• Brief
Each line of the material must be reproduced exactly; pictures stay out.

• Collected material
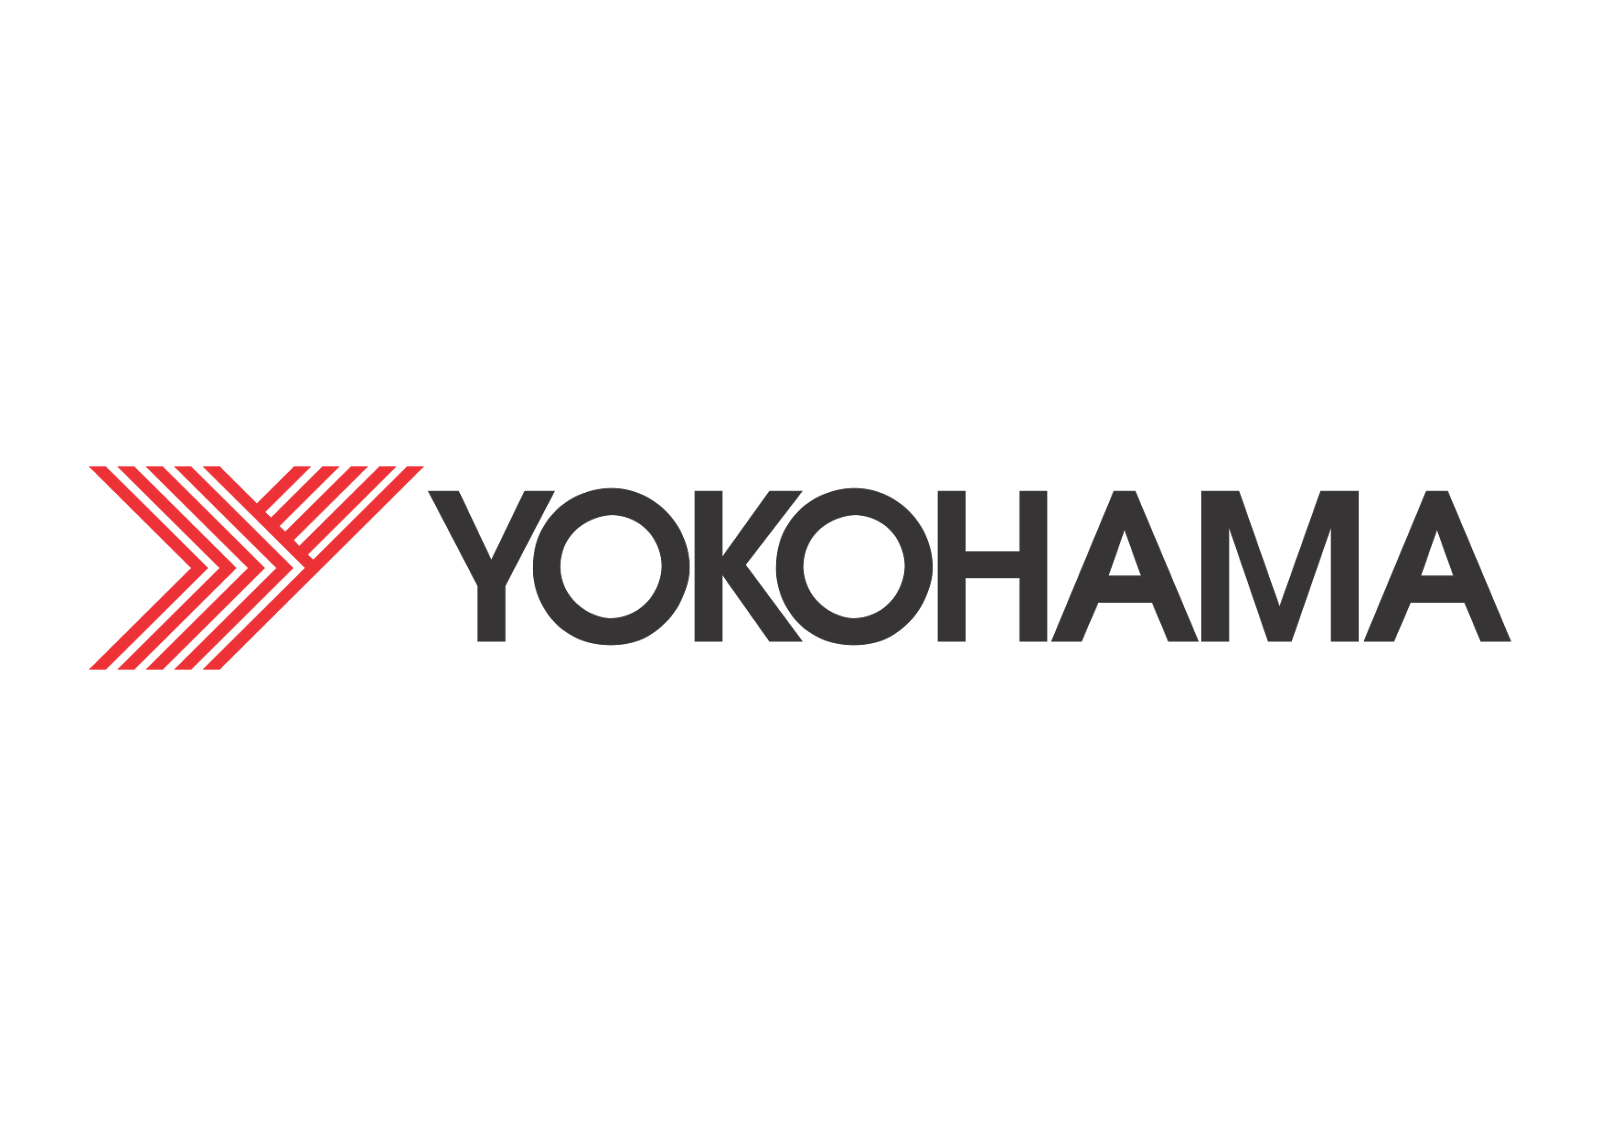 Yokohama Logo Vector (Tire manufacturing company)~ Format
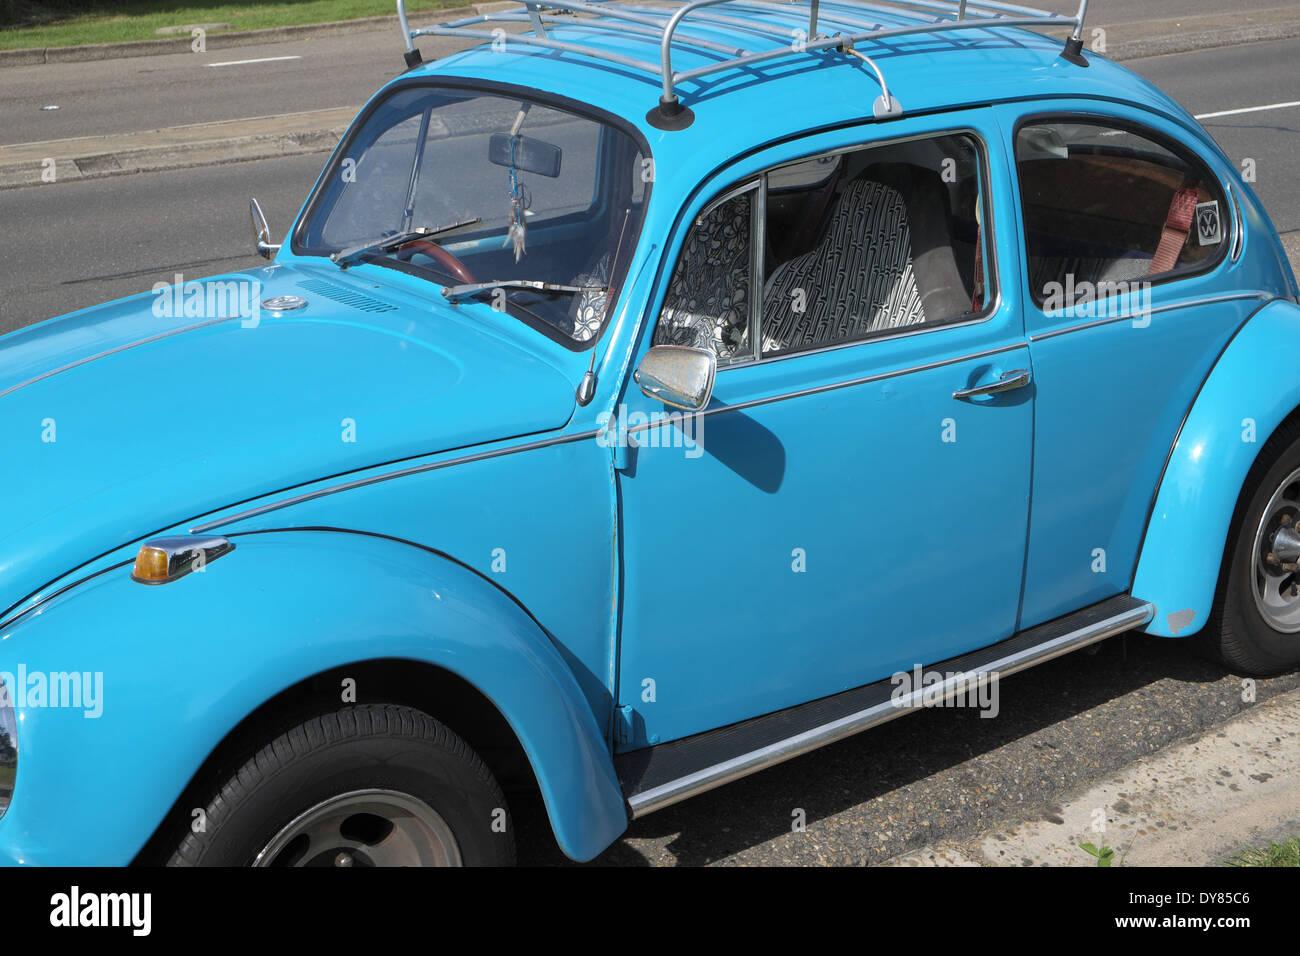 classic vw beetle on pittwater road,sydney,australia - Stock Image
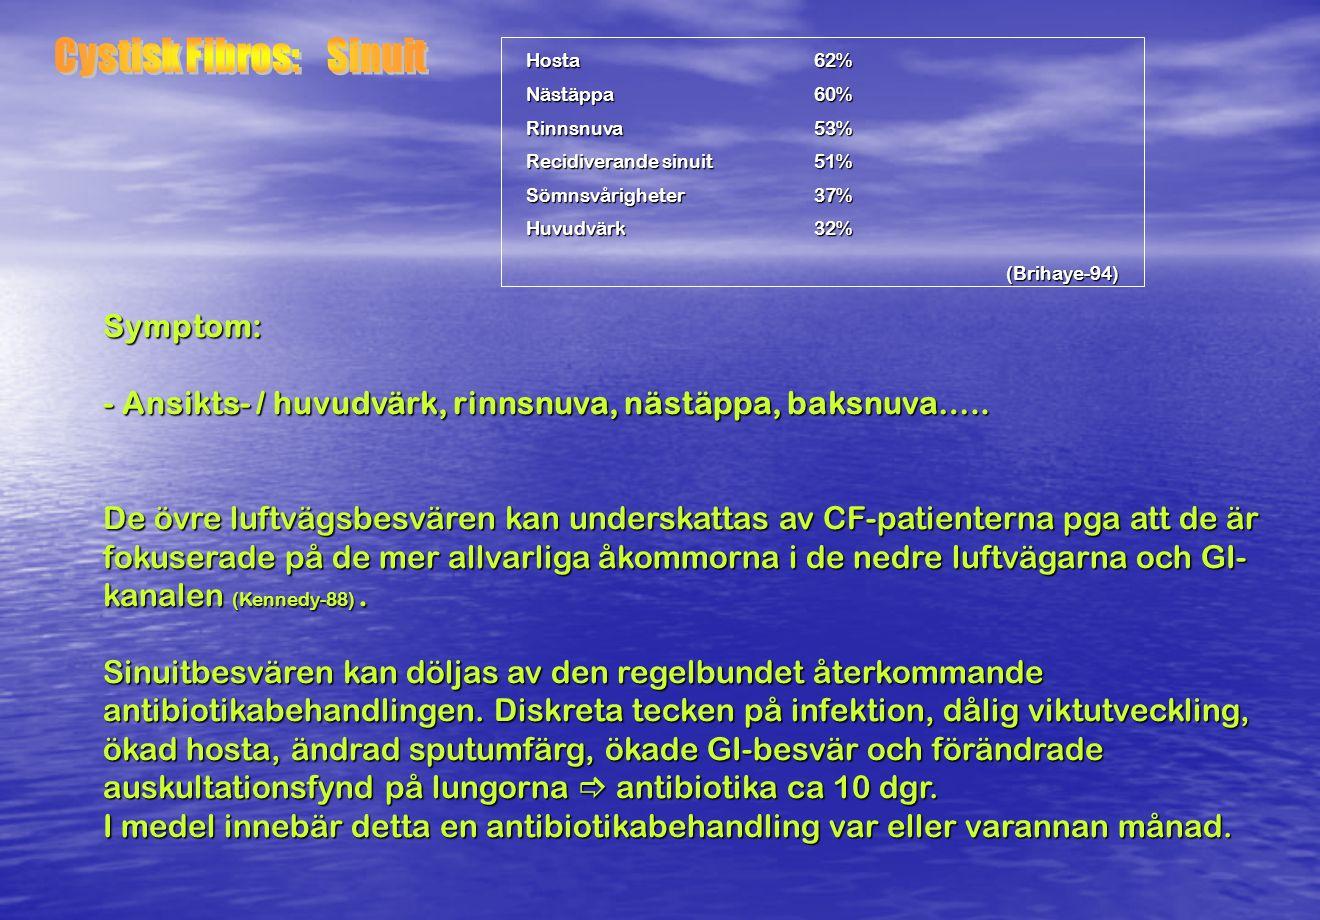 Cystisk Fibros: Sinuit
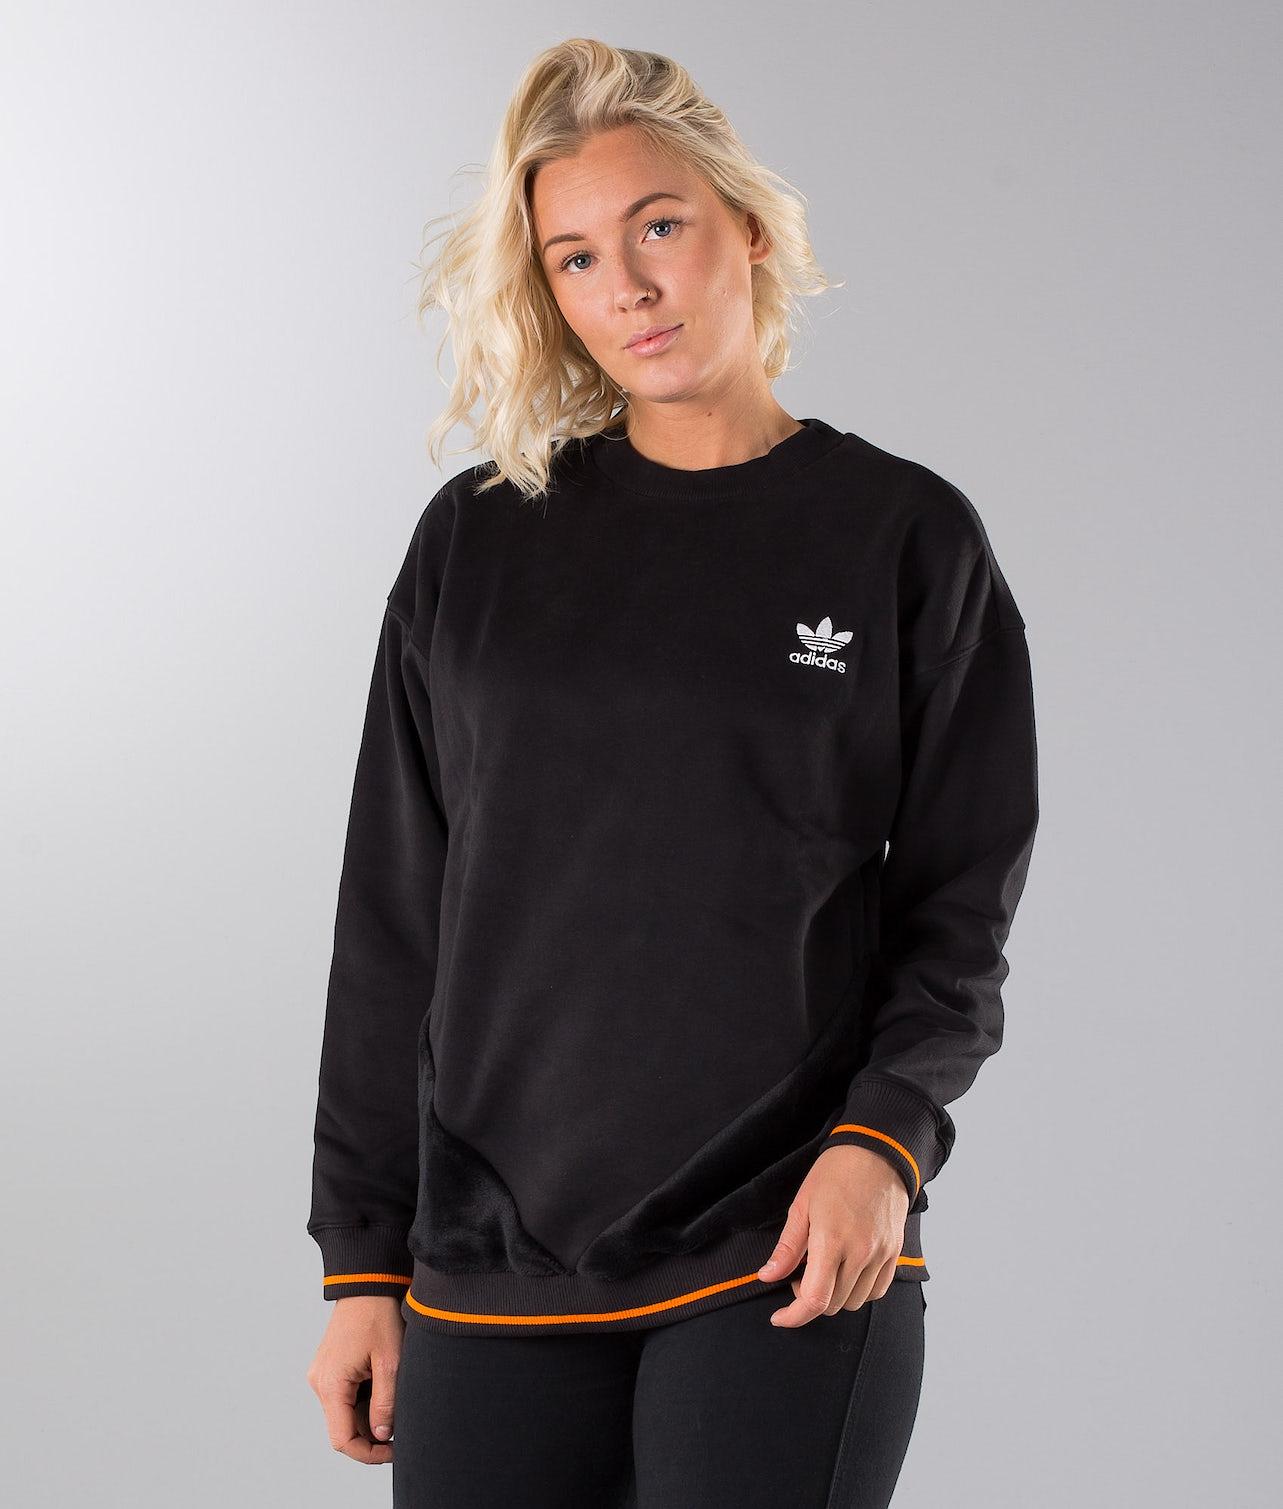 Adidas Originals Colorado Tröja Black

• Response box
 Yokohama Logo Vector (Tire manufacturing company)~ Format
 classic vw beetle on pittwater road,sydney,australia - Stock Image
 Cystisk Fibros: Sinuit
 Adidas Originals Colorado Tröja Black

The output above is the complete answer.